There were 1,080 households, out of which 29.9% had children under the age of 18 living with them, 64.3% were married couples living together, 7.9% had a female householder with no husband present, and 24.5% were non-families. 22.0% of all households were made up of individuals, and 9.5% had someone living alone who was 65 years of age or older. The average household size was 2.50 and the average family size was 2.92.

In the township the population was spread out, with 21.6% under the age of 18, 5.5% from 18 to 24, 29.1% from 25 to 44, 27.0% from 45 to 64, and 16.7% who were 65 years of age or older. The median age was 42 years. For every 100 females, there were 105.1 males. For every 100 females age 18 and over, there were 103.8 males.

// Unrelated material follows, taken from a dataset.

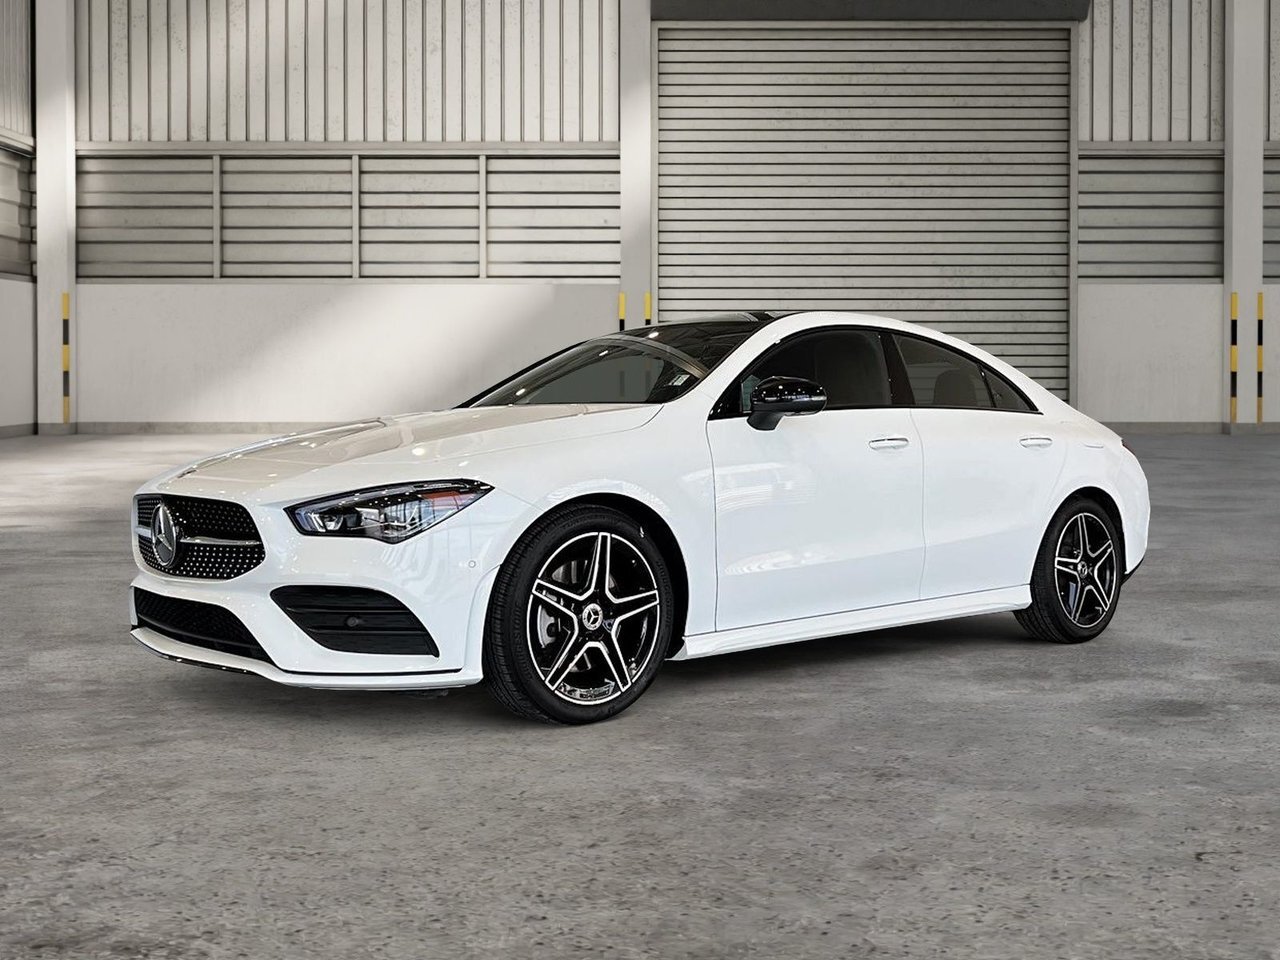 2023 Mercedes-Benz CLA250 4MATIC Coupe Warranty until 2029!

The median income for a household in the township was $42,563, and the median income for a family was $51,014. Males had a median income of $40,993 versus $25,625 for females. The per capita income for the township was $19,722. About 6.8% of families and 9.3% of the population were below the poverty line, including 14.3% of those under age 18 and 2.8% of those age 65 or over.